**ABOUT THIS TASK**: Every picture is to be removed, and all the data is to be copied exactly.

**DATA EXCERPT**:

◇ ◇ ◇ ◇ ◇

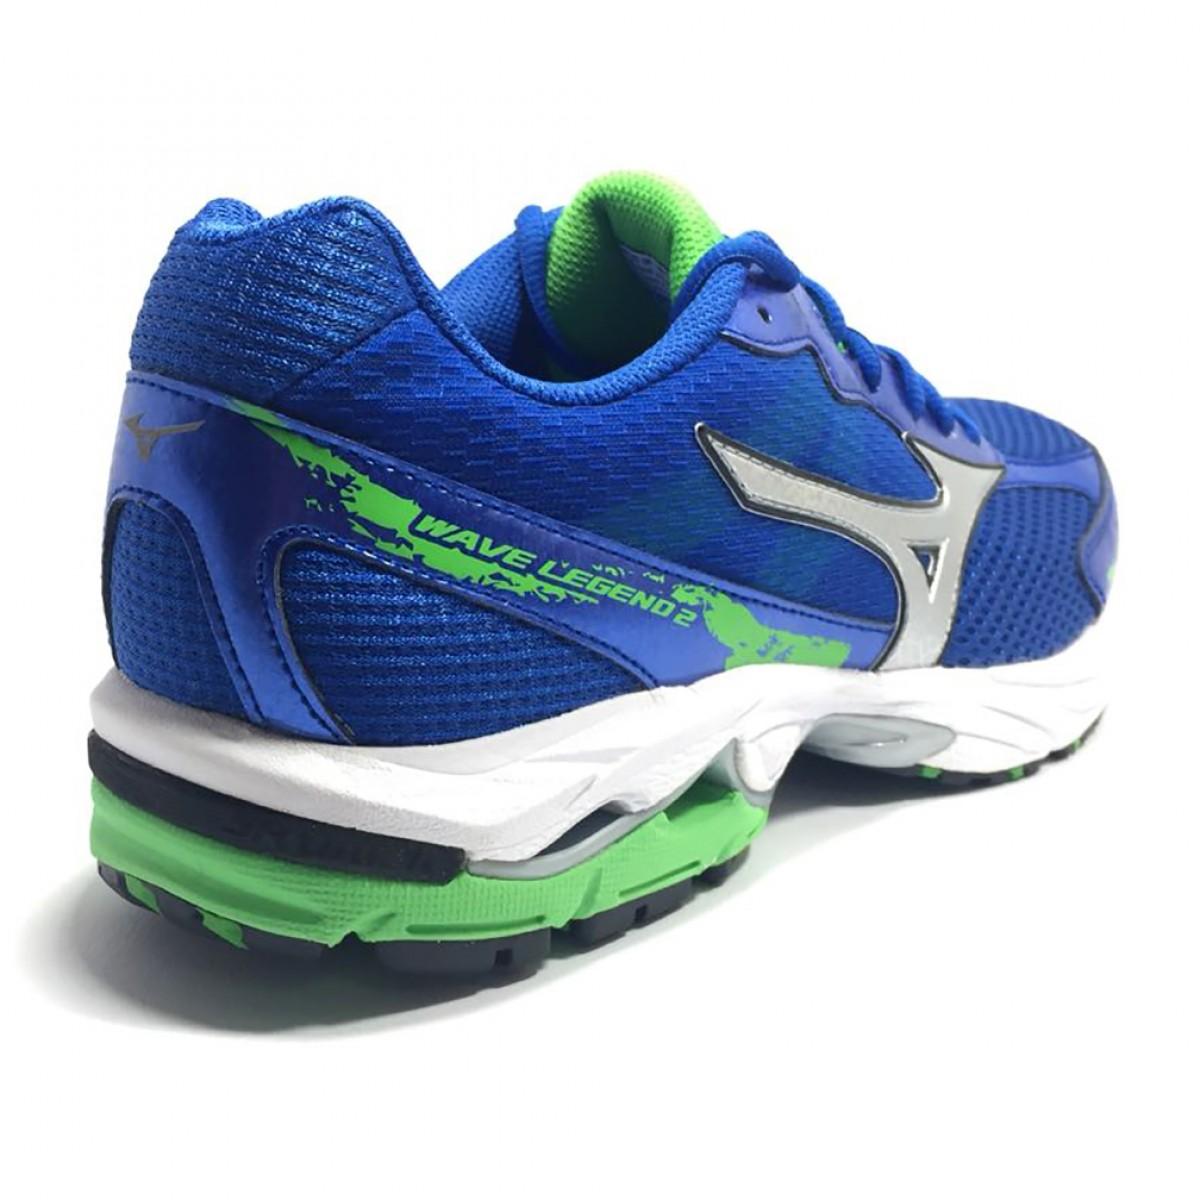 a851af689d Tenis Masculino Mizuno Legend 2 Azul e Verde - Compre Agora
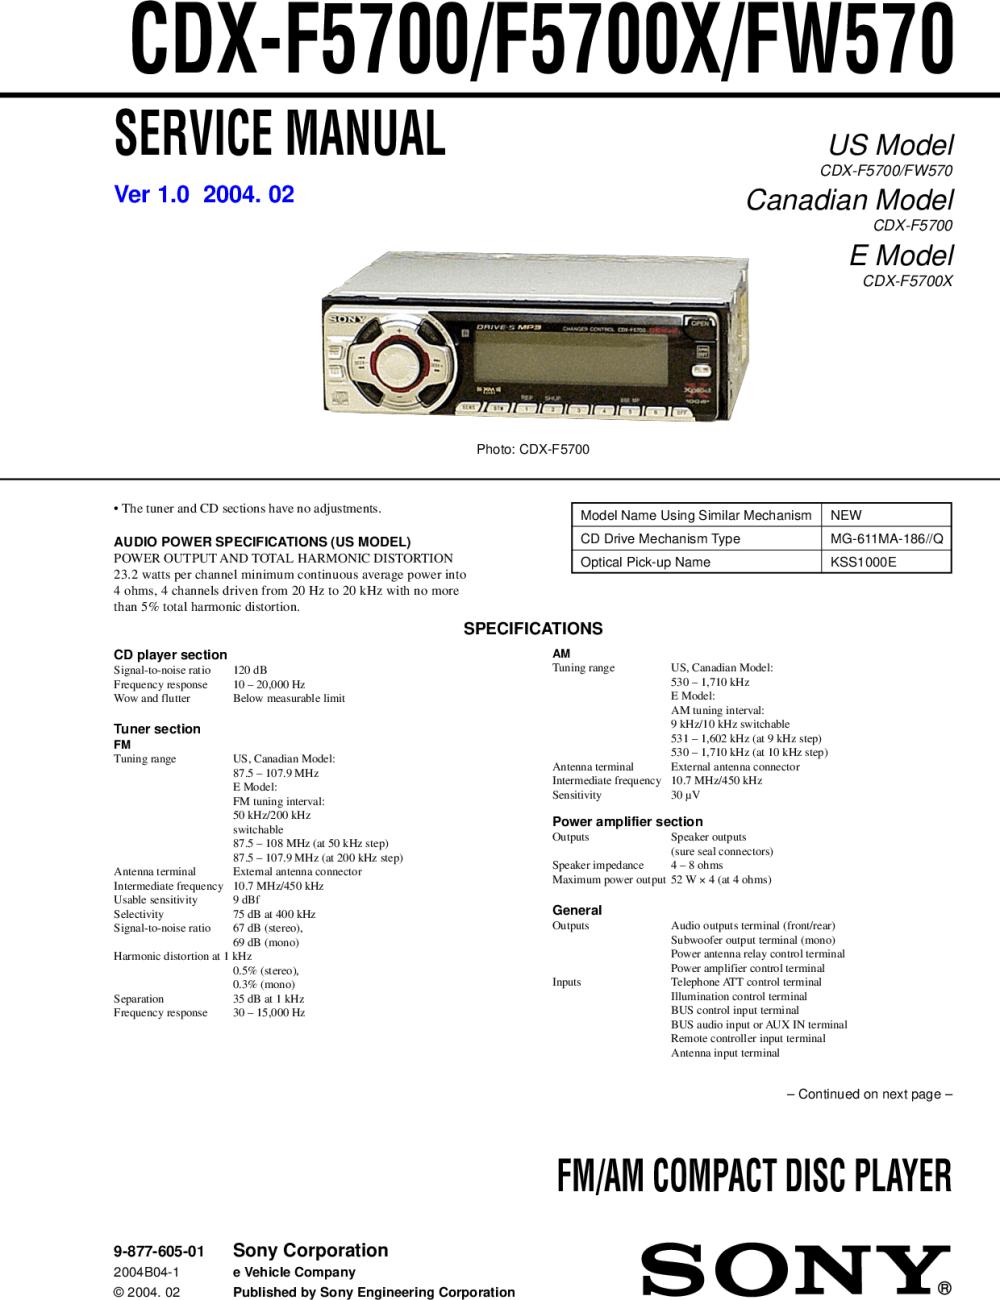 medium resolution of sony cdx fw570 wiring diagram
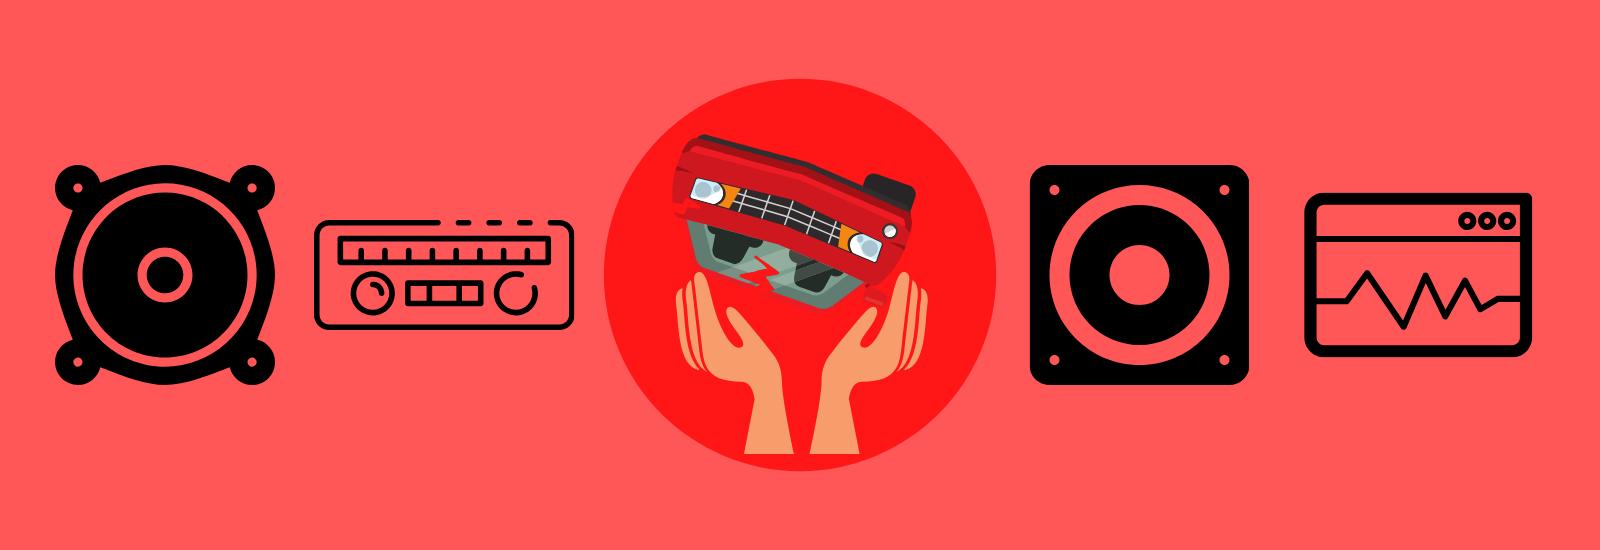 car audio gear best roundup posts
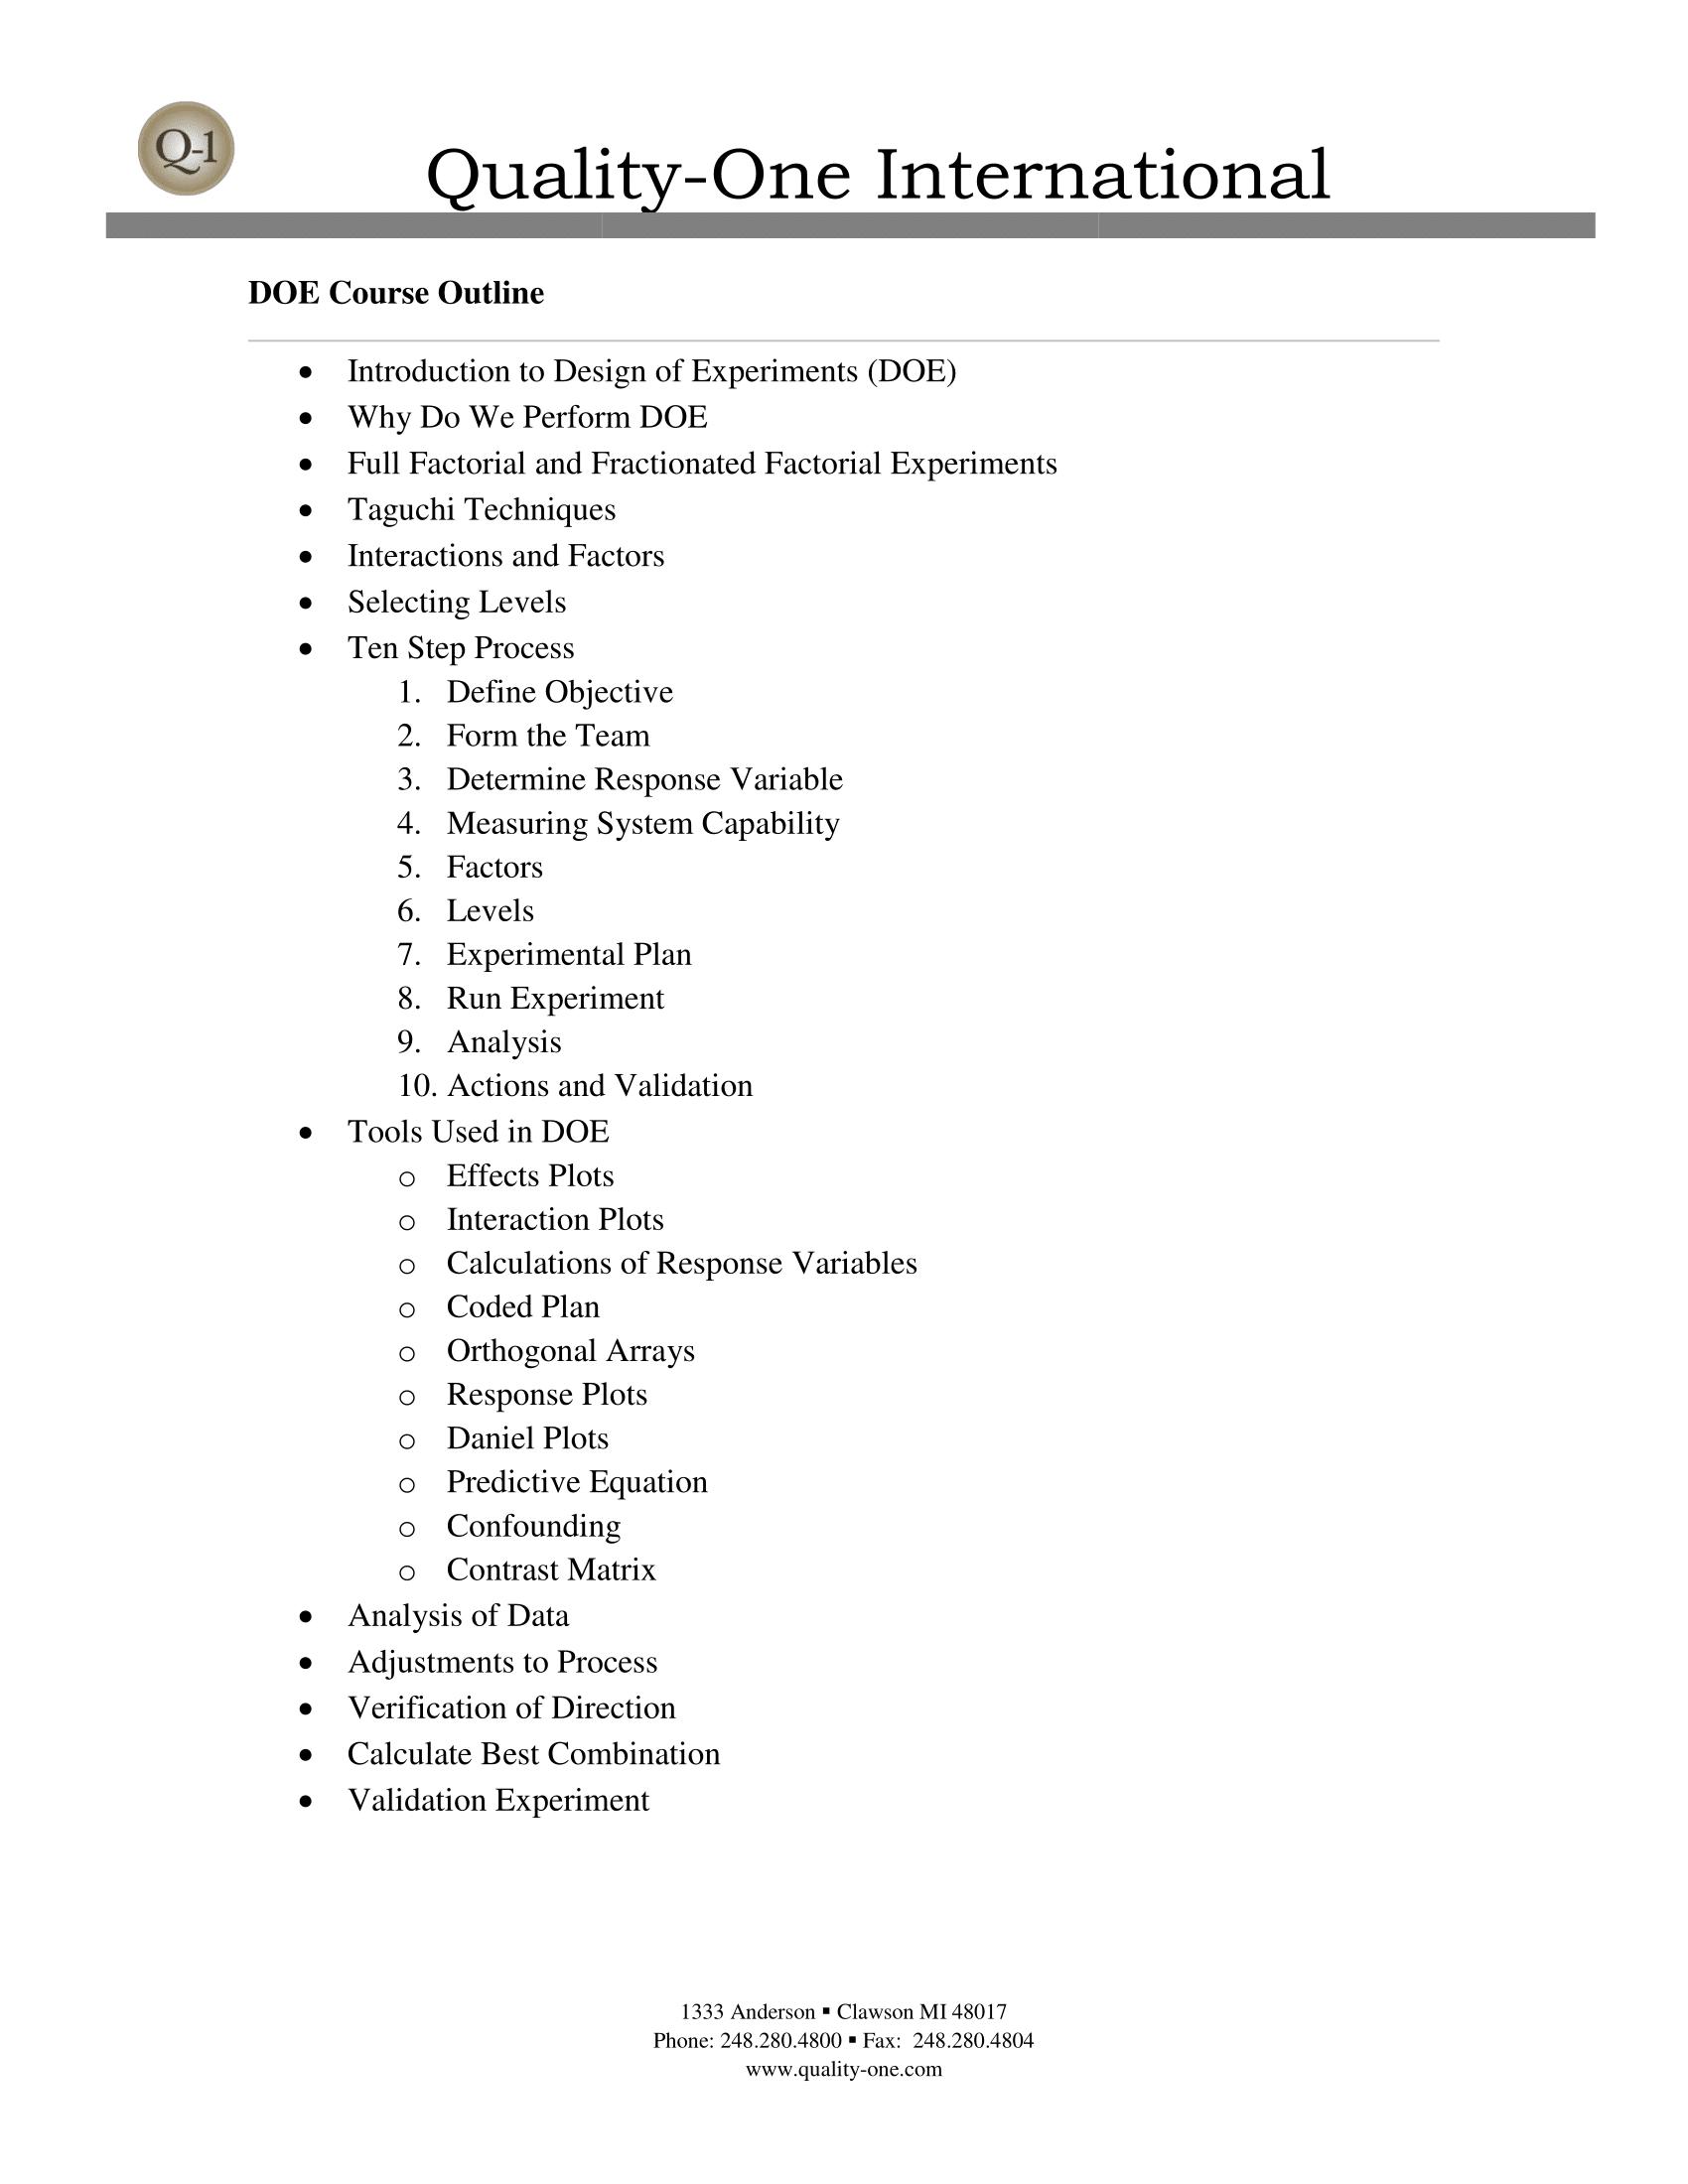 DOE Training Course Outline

◇ ◇ ◇ ◇ ◇

**RESULT BELOW**:
 a851af689d Tenis Masculino Mizuno Legend 2 Azul e Verde - Compre Agora
 medium resolution of sony cdx fw570 wiring diagram
 car audio gear best roundup posts
 DOE Training Course Outline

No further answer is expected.